The files that you have in calibre at the moment were presumably uploaded from your current Kindle and they won't work on your new one, edited or otherwise. However, the attached .mbp file which I think carries (some of) the metadata might be transferable. Hmm, I'll have to try that with my current Kindles. I too would be interested to know if anyone knows the answer to this question - most of the things I have on my Kindles are non-Amazon and therefore can be transferred to any device. I only had a few Amazon books and re-edited the metadata for each Kindle before. I have a lot more now, so I'd like to know if I can save some time too.

Anyone?


----------



## Pushka (Oct 30, 2009)

I asked this question in mobile read Calibre sub forum before the announcement about the k3. I will edit in the link to that in a minute.
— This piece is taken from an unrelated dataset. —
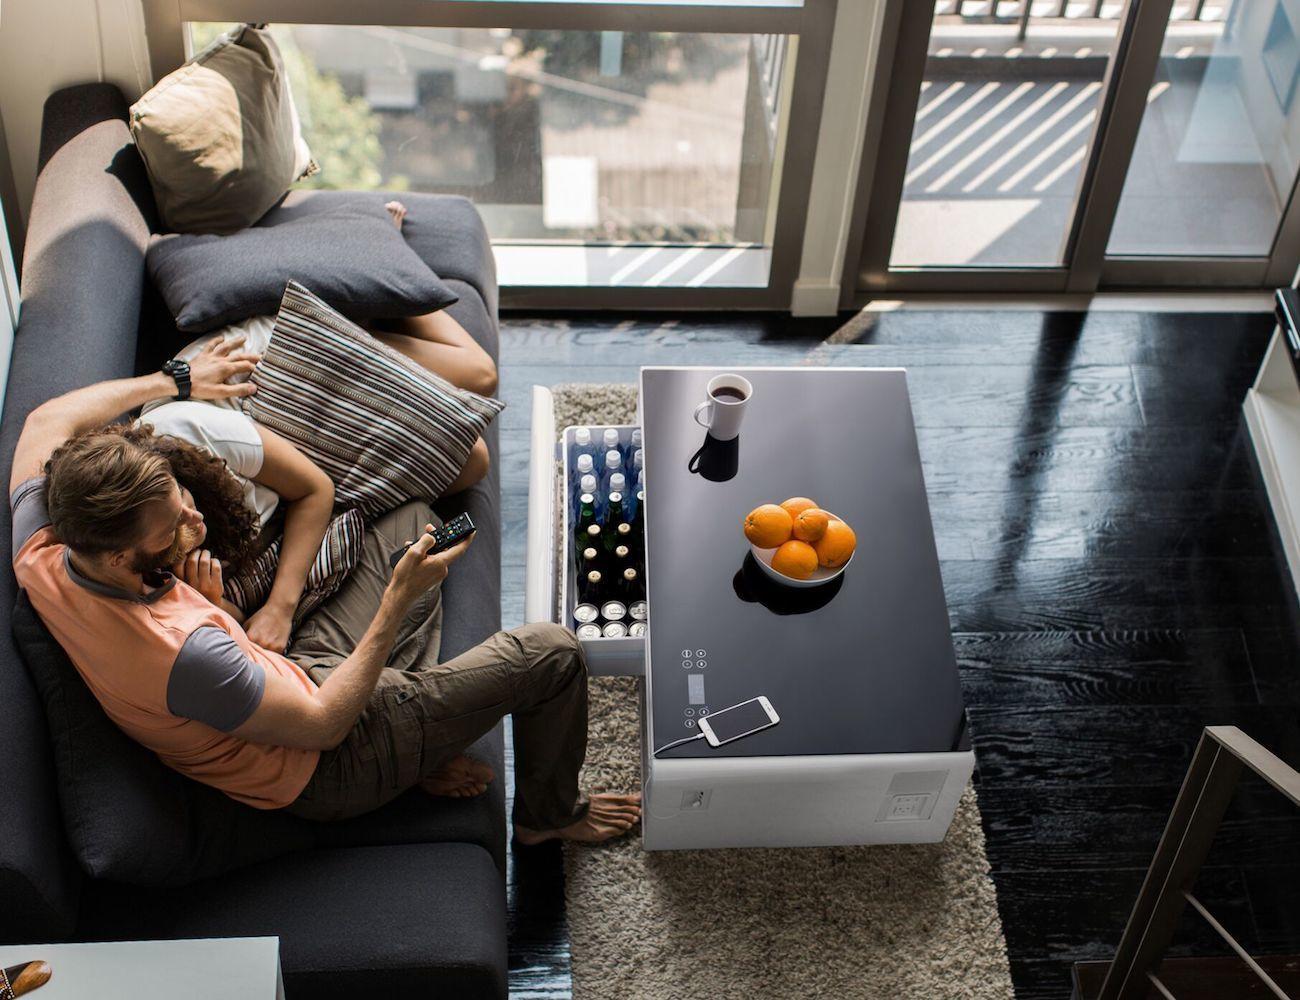 Sobro Cooler Coffee Table » Gadget Flow kidd Cool

Kovid replied and I think I get what he meant but no doubt LinJeakel you will work it out first coz you were the collections wizkid!


----------



## Granvillen (Dec 12, 2009)

From the statement made above, that books on the K2i will not work on the K3, is that correct?  I can't believe the boys at Amazon would do anything that stupid.  I have checked everywhere and cannot find anything that mentions that.  Where did you get your information?


----------



## luvmy4brats (Nov 9, 2008)

Granvillen said:


> From the statement made above, that books on the K2i will not work on the K3, is that correct? I can't believe the boys at Amazon would do anything that stupid. I have checked everywhere and cannot find anything that mentions that. Where did you get your information?


You cannot copy the files from the K2 to the K3. The books are keyed to each particular device. You'll need to download the books from your archive to the new Kindle.


----------



## Granvillen (Dec 12, 2009)

Thanks, that makes more sense, but does that mean all the none Amazon books via Calibre won't work either.


----------



## luvmy4brats (Nov 9, 2008)

Granvillen said:


> Thanks, that makes more sense, but does that mean all the none Amazon books via Calibre won't work either.
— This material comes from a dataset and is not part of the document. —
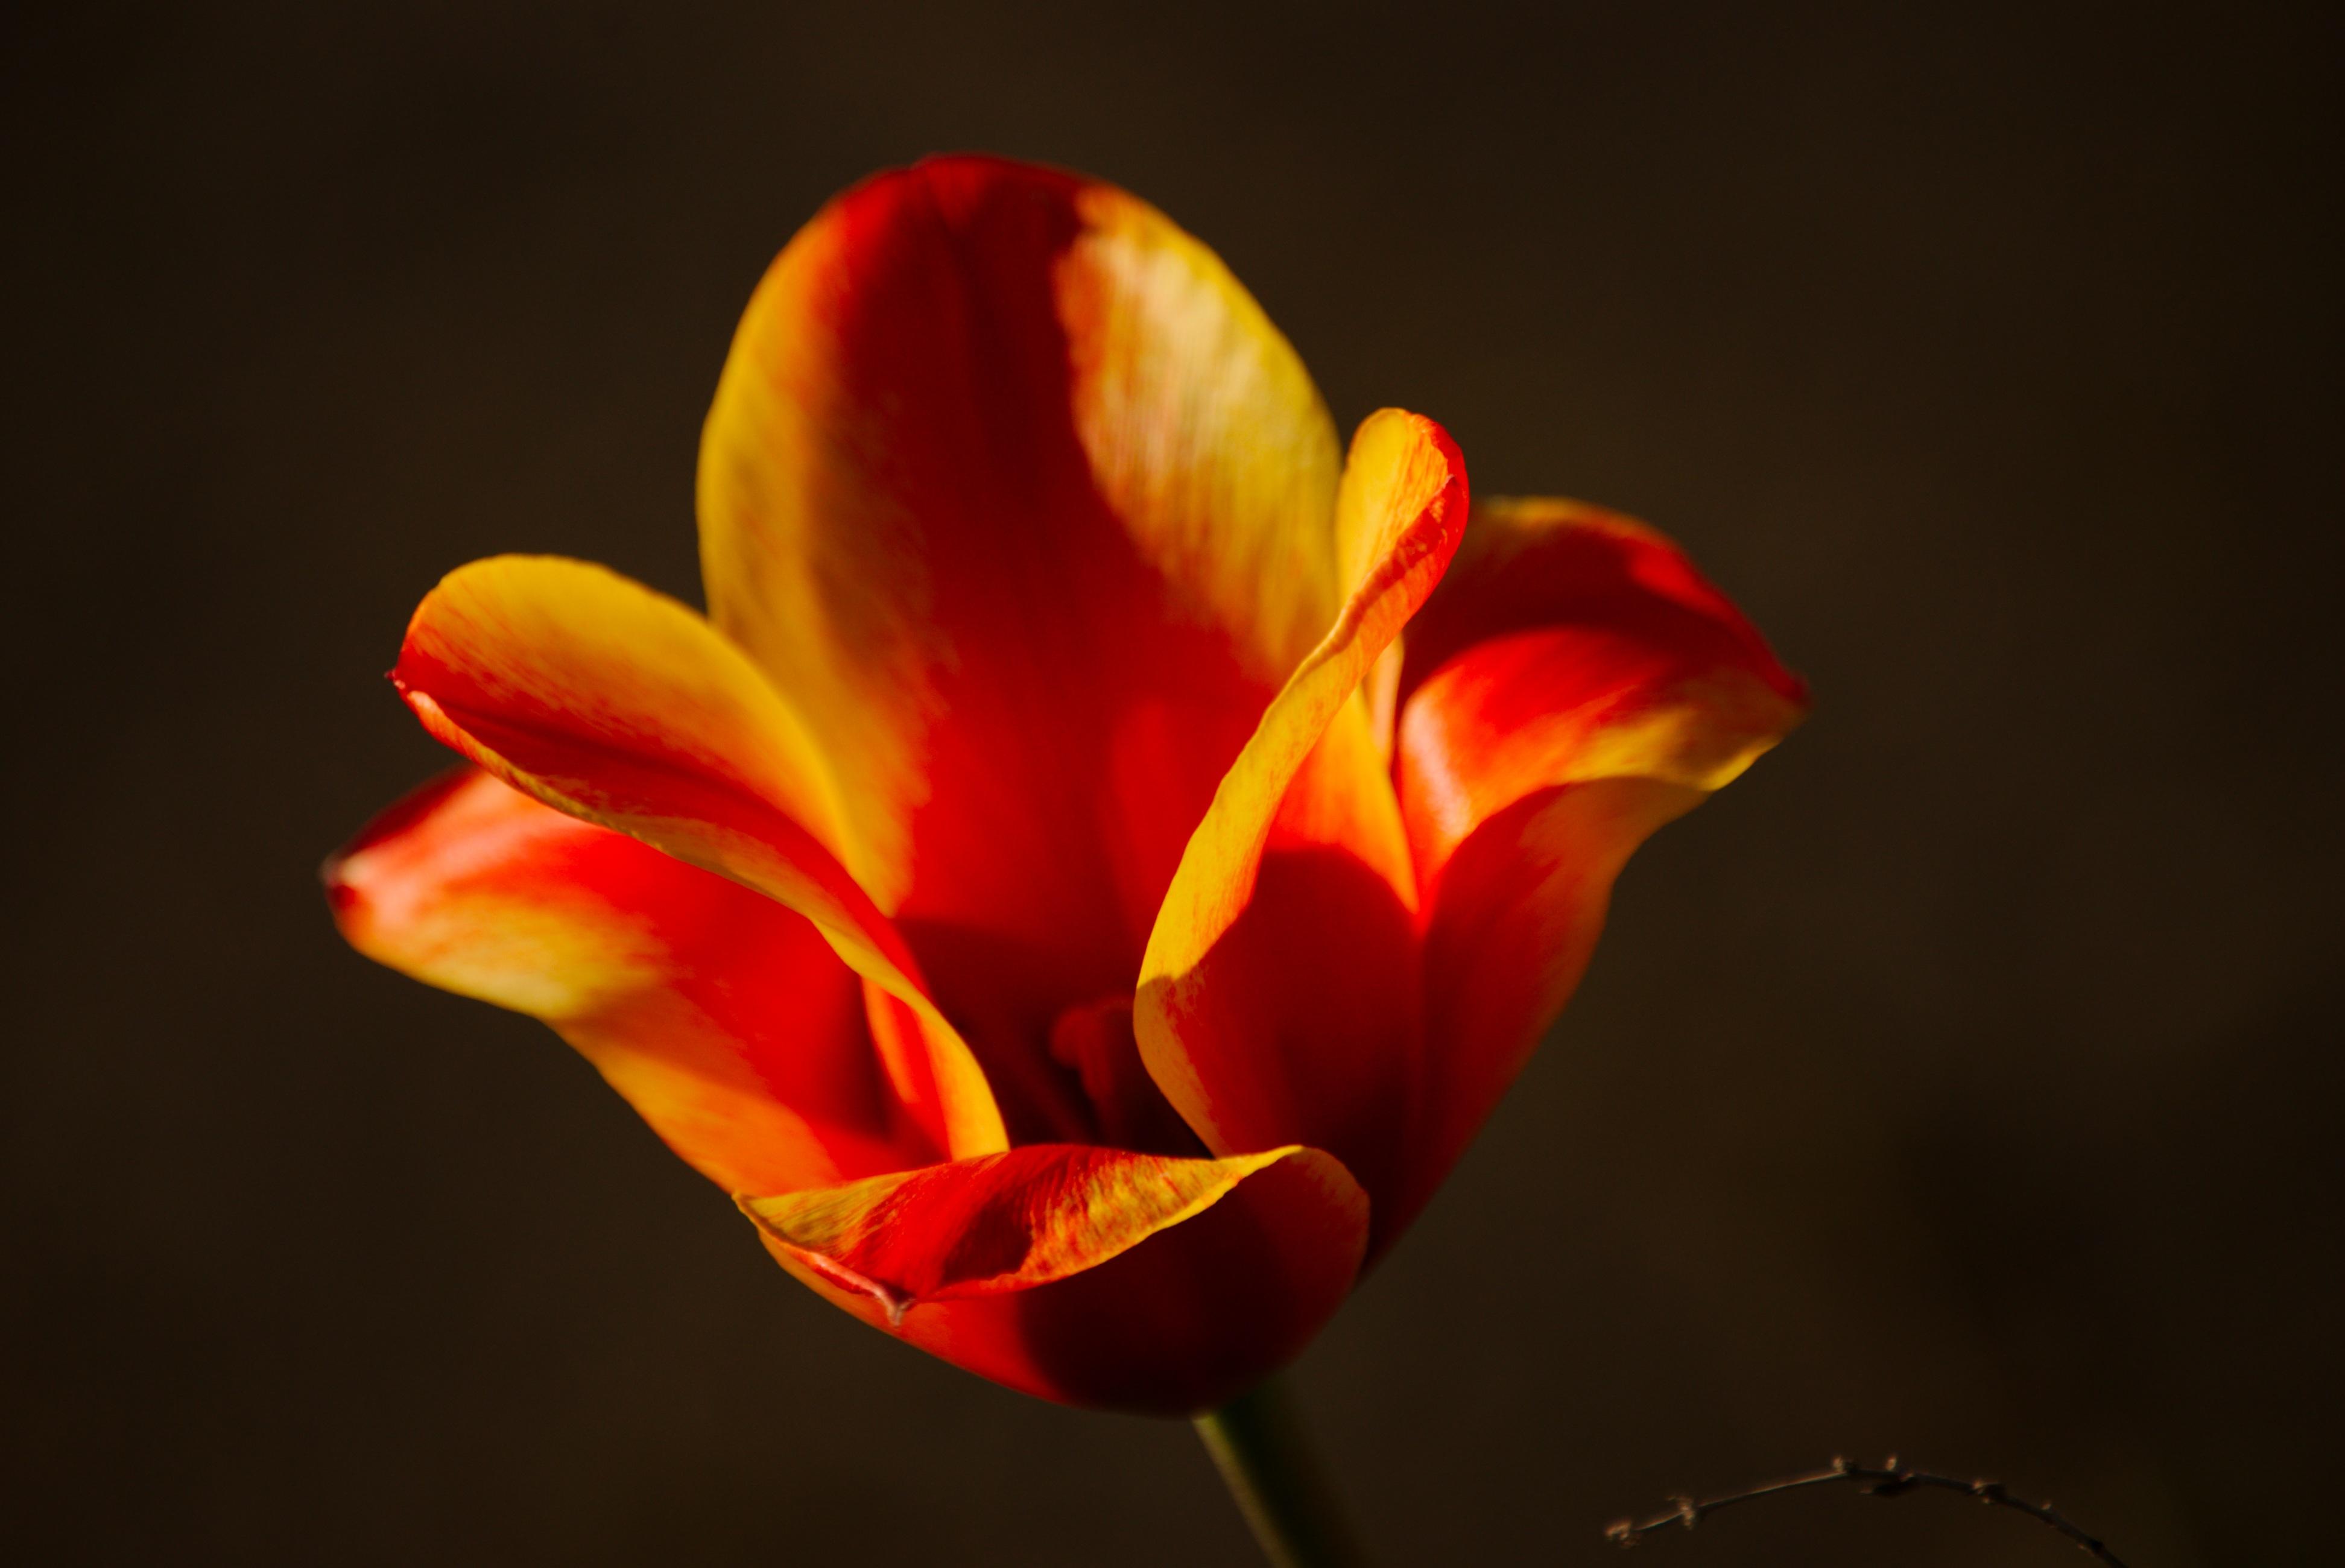 free images landscape nature blossom sun sunlight petal

No. It's just for the Amazon books you've downloaded into Calibre. The thing is, if you've downloaded Amazon books into Calibre and edited the MetaData for your K2, you'll need to download the books again for your K3, and edit the metadata again. (No fun when you have over 500 books)


----------



## Pushka (Oct 30, 2009)

This was Kovids answer about changing to a new kindle:

_No just use the edit metadata dialog to replace the actual file._

In another thread though, he did say that until he got a K3 that he couldn't confirm that calibre would work with it.


----------



## luvmy4brats (Nov 9, 2008)

The .mbp file has your notes, bookmarks, clippings and last page read. It does not contain the metadata. The metadata is stored in the actual book file. Therefore, if the book was downloaded for a particular Kindle, then it will only open on that Kindle. When you get a new kindle, you'll need to download the books to (or for) the new Kindle and re-edit the metadata for all the books going onto that Kindle. (yeah, it sucks...)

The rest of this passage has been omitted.